For the 2019 FORART lecture, Whitney Davis (Berkeley) will discuss the evolutionary modernity of picture-making in the human species.

Pictorial Art and Global Psychological Modernity will deal with new research on the evolutionary ‘modernity’ of picture making in the human species (from c. 40,000 BCE), the problem of pre-modern-human ‘pictures’ (before c. 40,000 BCE), and, most important, in what ways the making of pictures ‘modernized’ the ‘modern human’ perceptual and cognitive systems (in place by c. 200,000 BCE) and form of life – creating a new kind of world into which human beings were integrated. The lecture will combine approaches from art history, paleoanthropology, archaeology, cognitive evolution, and aesthetics.

Whitney Davis is  George C. and Helen N. Pardee Professor of History of Art at the University of California at Berkeley.

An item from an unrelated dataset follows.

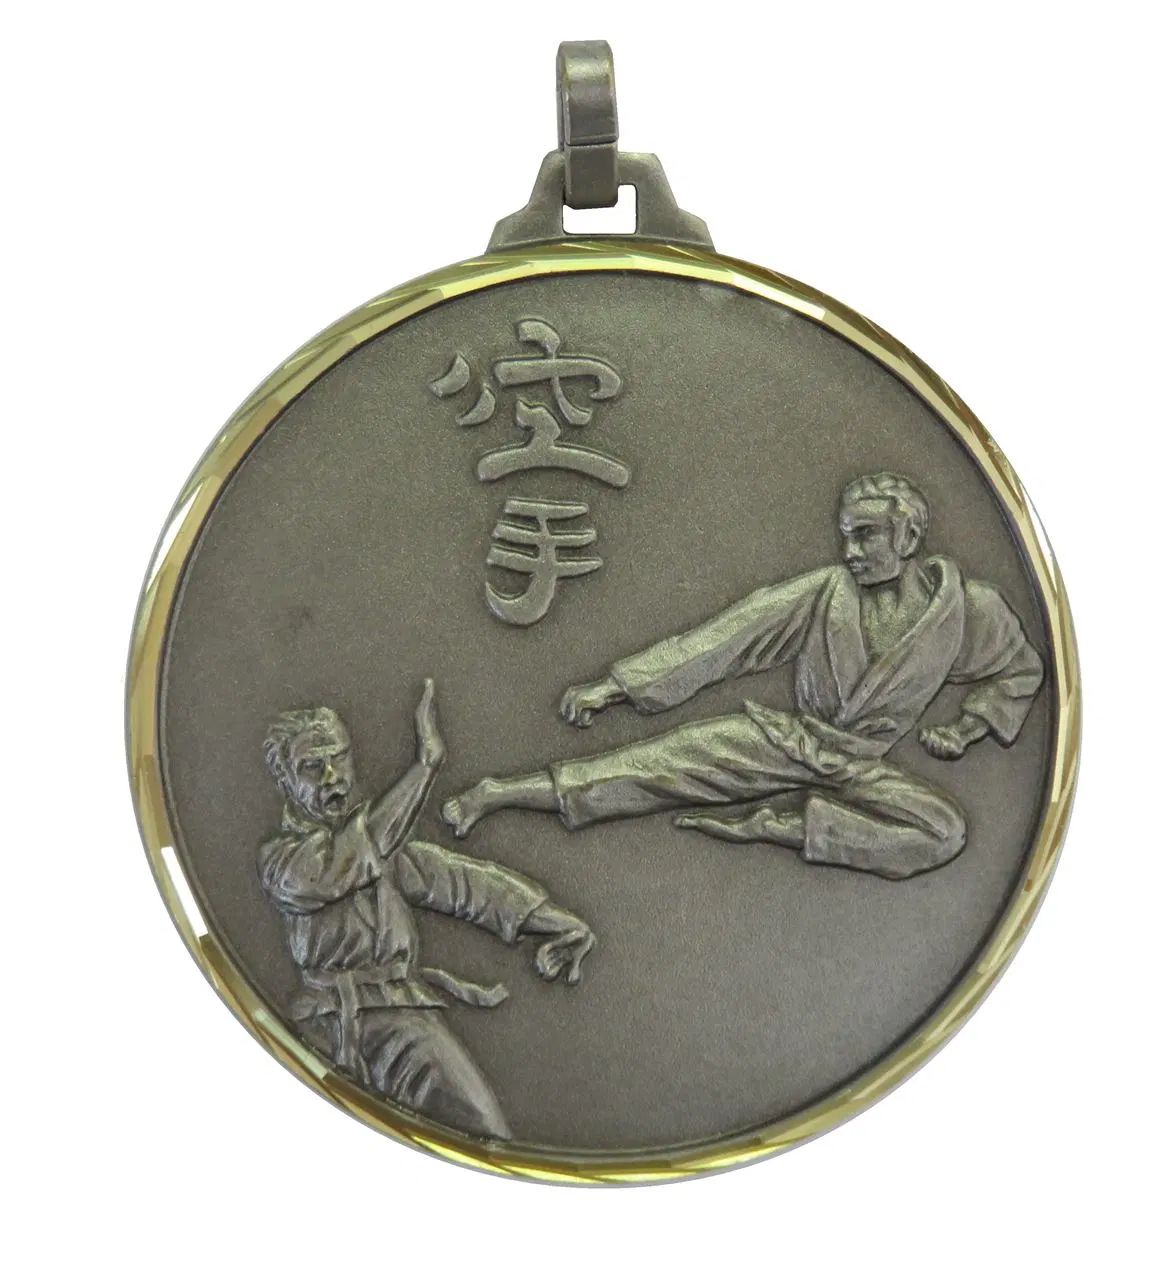 Custom Karate deportivo barato al por mayor de medalla medallas de metal con cinta de la medalla de Karate

His teaching and research interests include prehistoric and archaic arts (especially prehistoric and predynastic arts of north eastern Africa); worldwide rock art; the Classical tradition and neoclassicism in Western art since the later Middle Ages, and especially in the eighteenth and nineteenth centuries in Britain; the development of professional art history in interaction with archaeology, philosophical aesthetics, comparative anthropology, and other disciplines; art theory in visual-cultural studies, especially problems of pictorial representation and other kinds of visual notation; aspects of modern art history, especially its expression (or not) of nonnormative sexualities; the history and theory of sexuality, especially the history of psychoanalysis; queer theory; world art studies; and environmental, evolutionary, and cognitive approaches to the global history of visual culture.  He is the author of:

The Canonical Tradition in Ancient Egyptian Art (Cambridge University Press, 1989)

Masking the Blow: The Scene of Representation in Late Prehistoric Egyptian Art (University of California Press, 1992)

Pacing the World: Construction in the Sculpture of David Rabinowitch (Harvard University Art Museums, 1996)

Drawing the Dream of the Wolves: Homosexuality, Interpretation, and Freud’s “Wolf Man” Case (Indiana University Press, 1996)

Replications: Archaeology, Art History, Psychoanalysis (Pennsylvania State University Press, 1996)

Queer Beauty: Sexuality and Aesthetics from Winckelmann to Freud and Beyond (Columbia University Press, 2010)

A General Theory of Visual Culture (Princeton University Press, 2011), which received the 2012 Monograph Prize of the American Society for Aesthetics and the Susanne K. Langer Award of the Media Ecology Association.

He is currently working on three book projects: Visuality and Virtuality: Images and Pictures from Ancient Egypt to New Media (a companion volume to A General Theory of Visual Culture); Space, Time, and Depiction; and Inquiry in Art History (a study of the interaction of idiographic and nomological traditions of explanation in art history since the late 19th century).